When you reach the line that contains "NWT $400 Бейсбольная", please begin copying, and carry on exactly to the last line of the material, leaving out every picture.

- [Dataset content]:
---+---
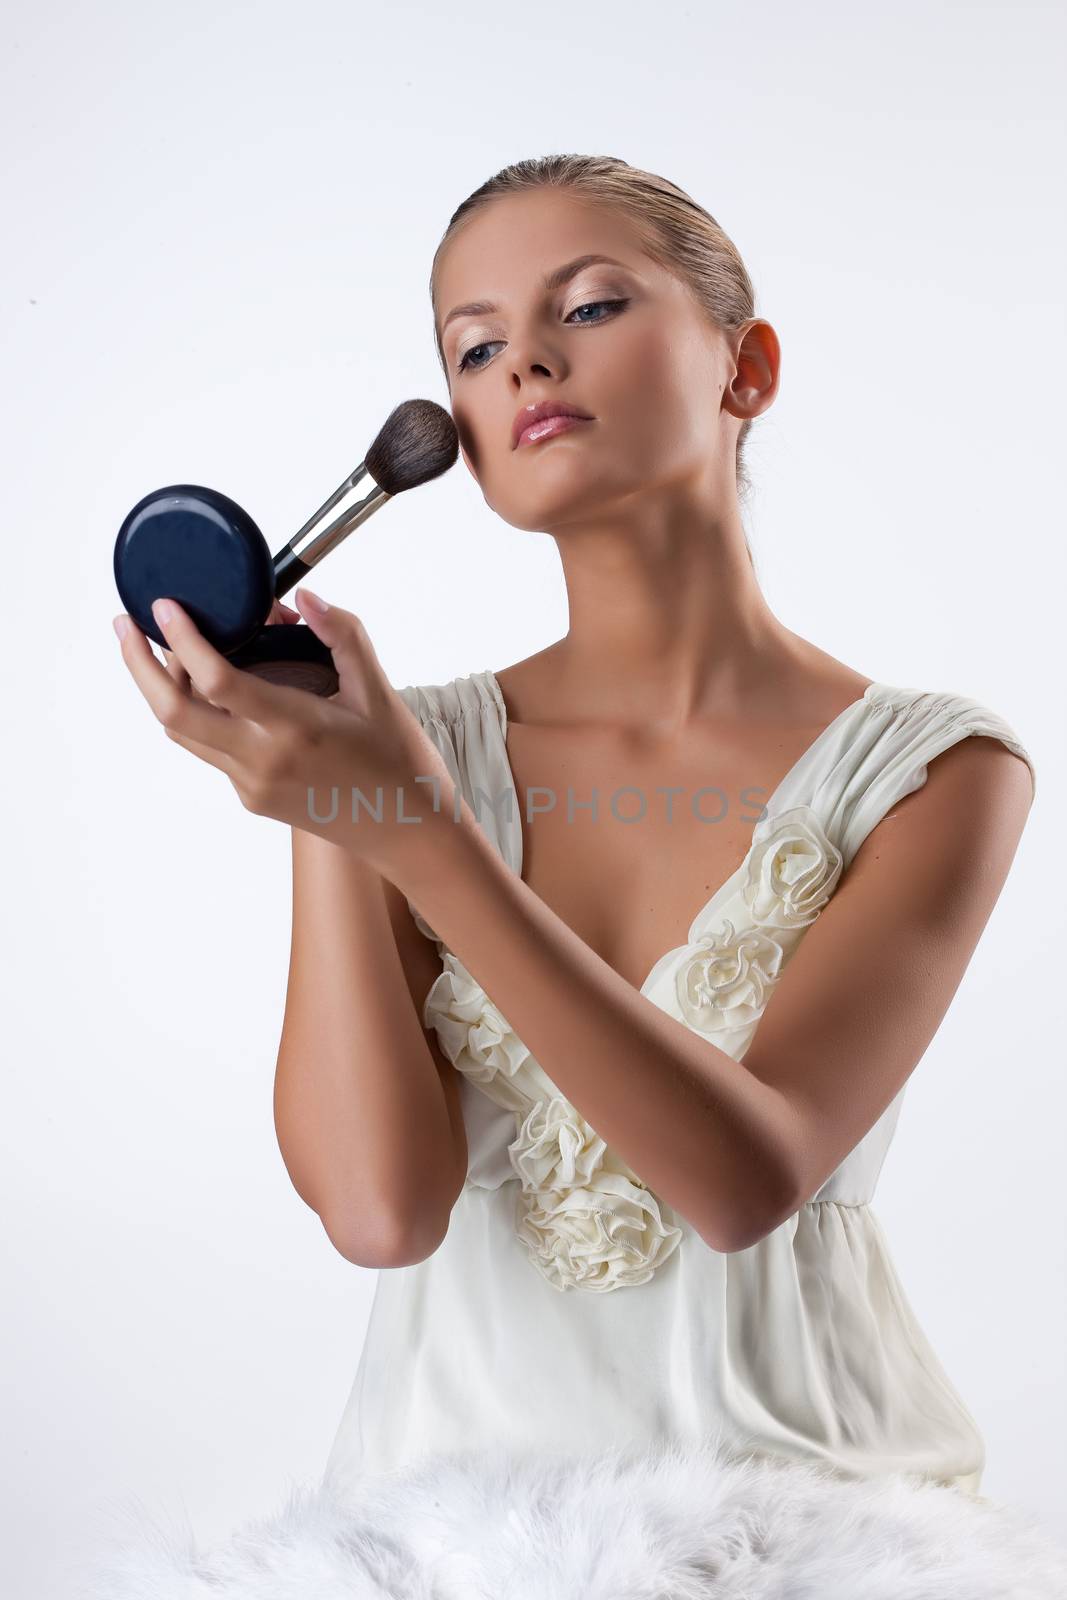 Young Woman Applying Cosmetics by Fotoskat
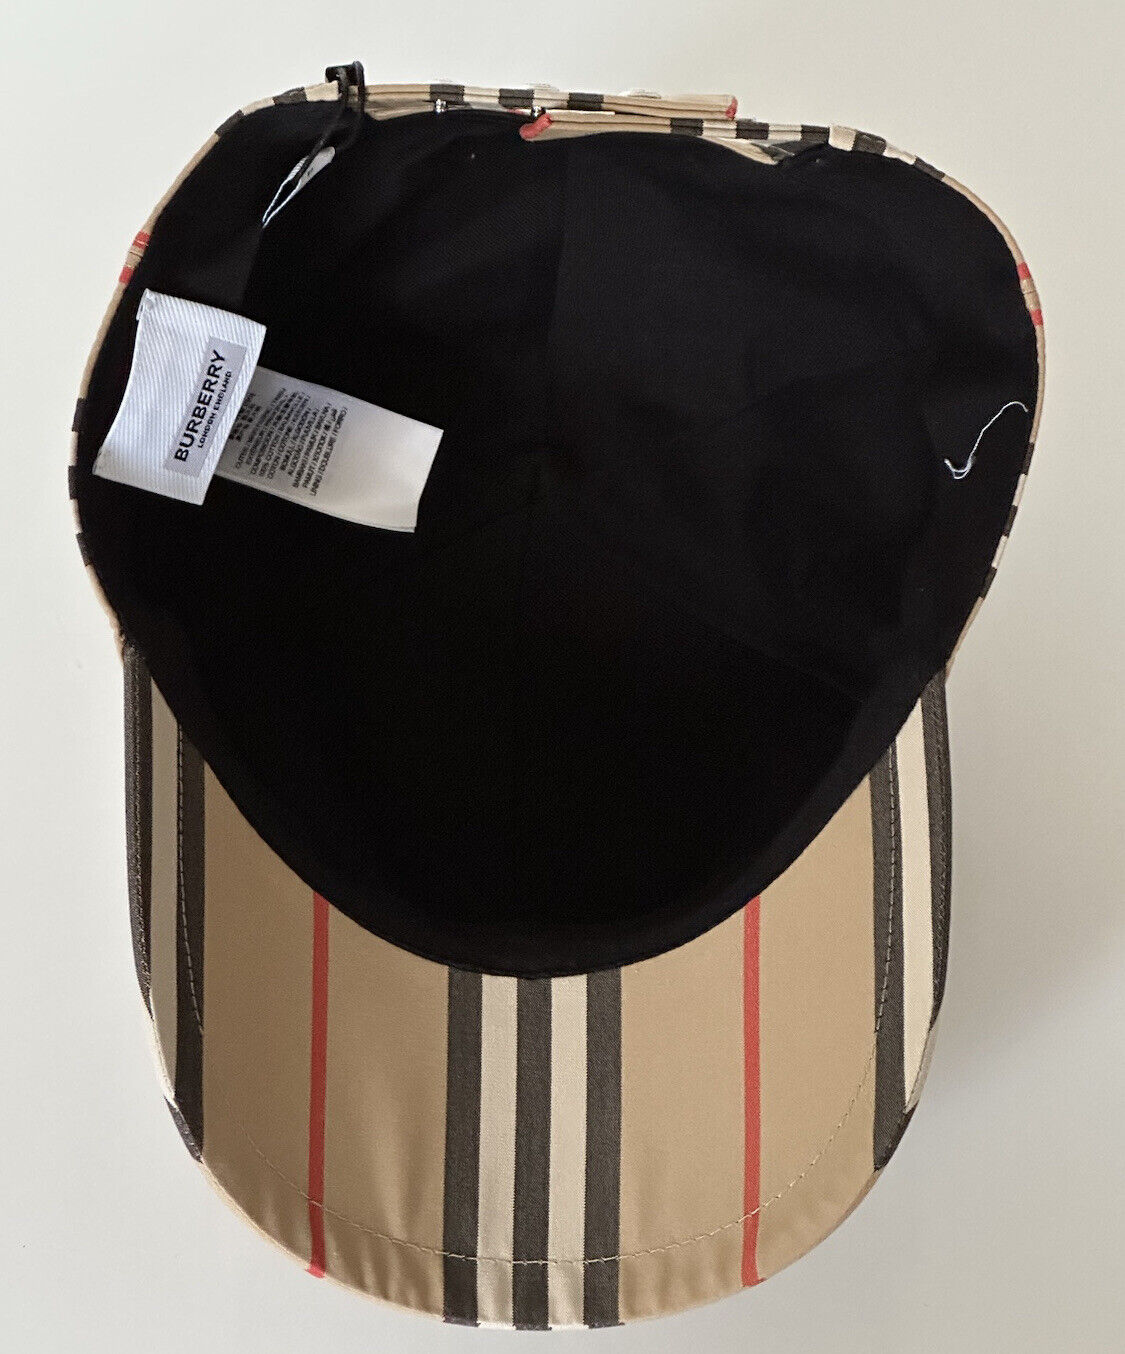 NWT $400 Бейсбольная кепка Burberry Stripe TB Archive Бежевая M (57 см) 8026924 Италия
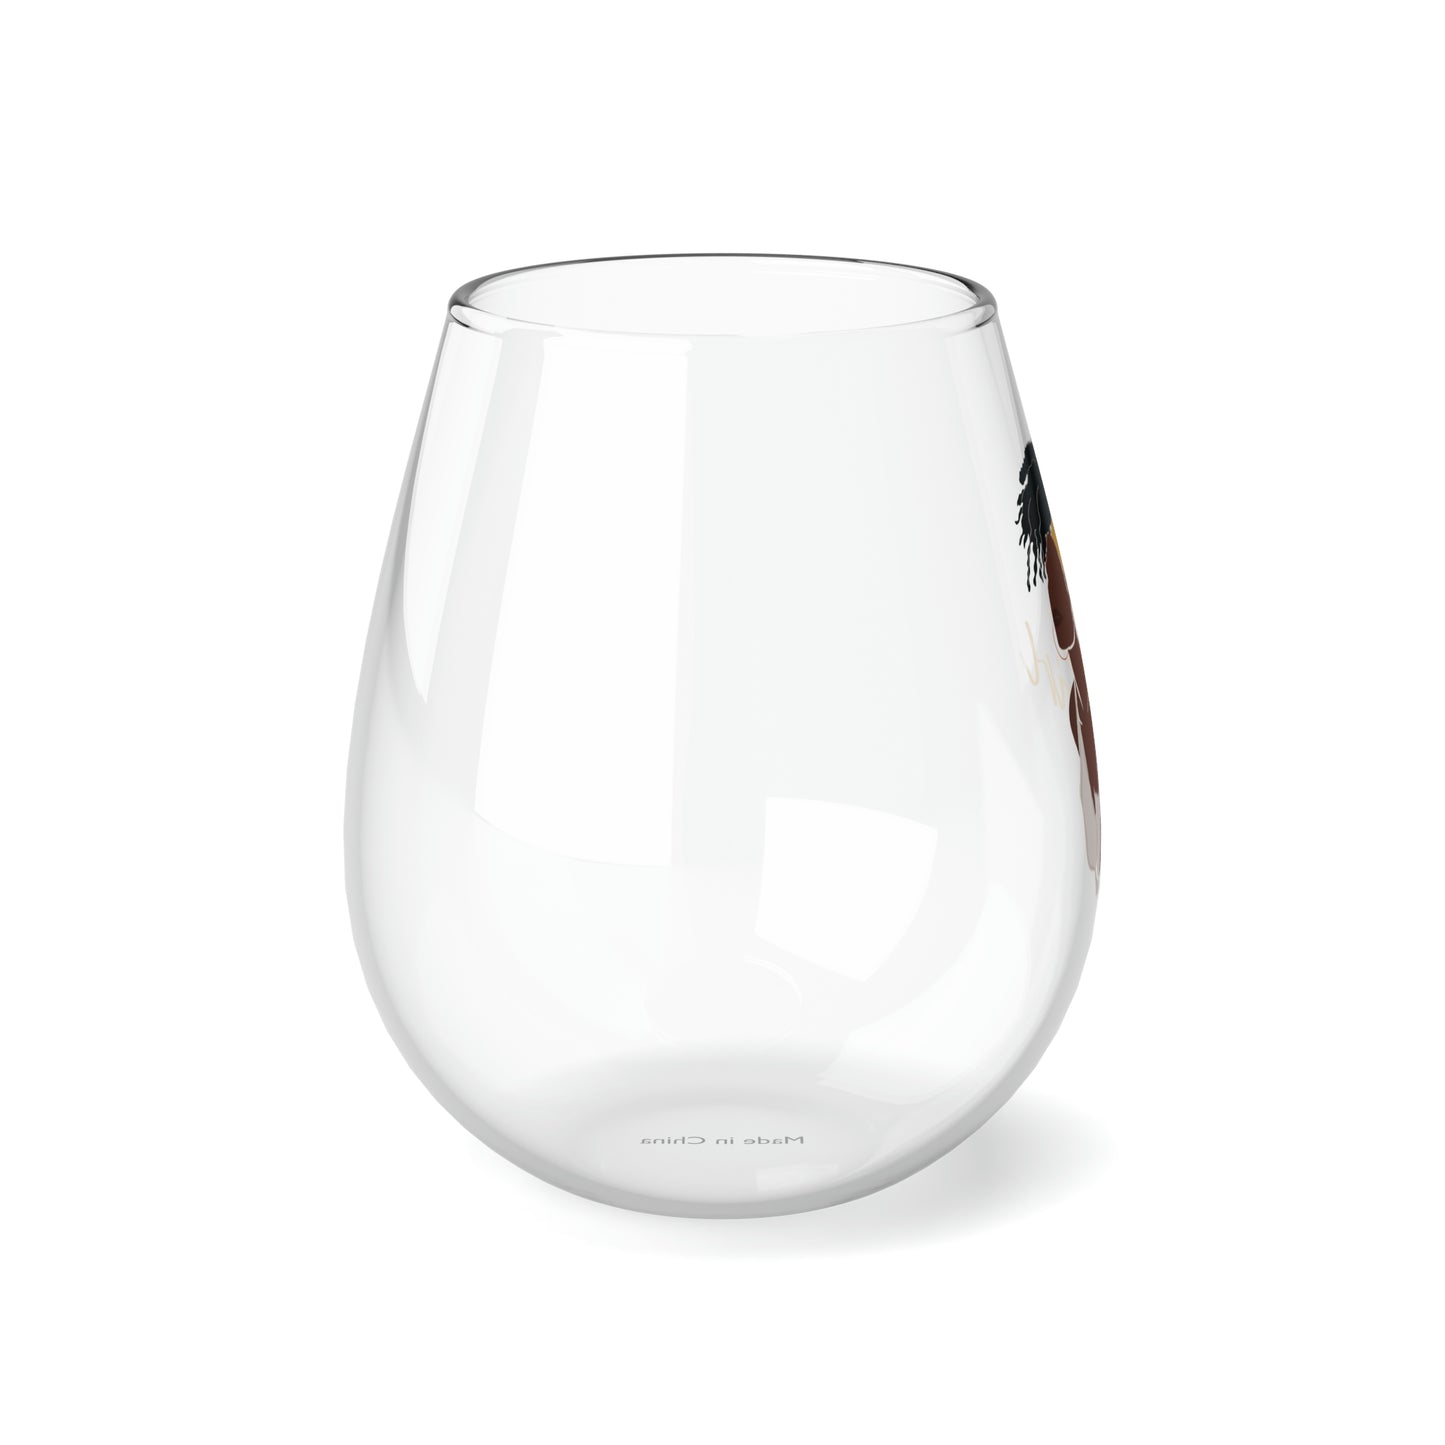 lover girl Stemless Wine Glass, 11.75oz
---+---
- [Response]:
 NWT $400 Бейсбольная кепка Burberry Stripe TB Archive Бежевая M (57 см) 8026924 Италия
 lover girl Stemless Wine Glass, 11.75oz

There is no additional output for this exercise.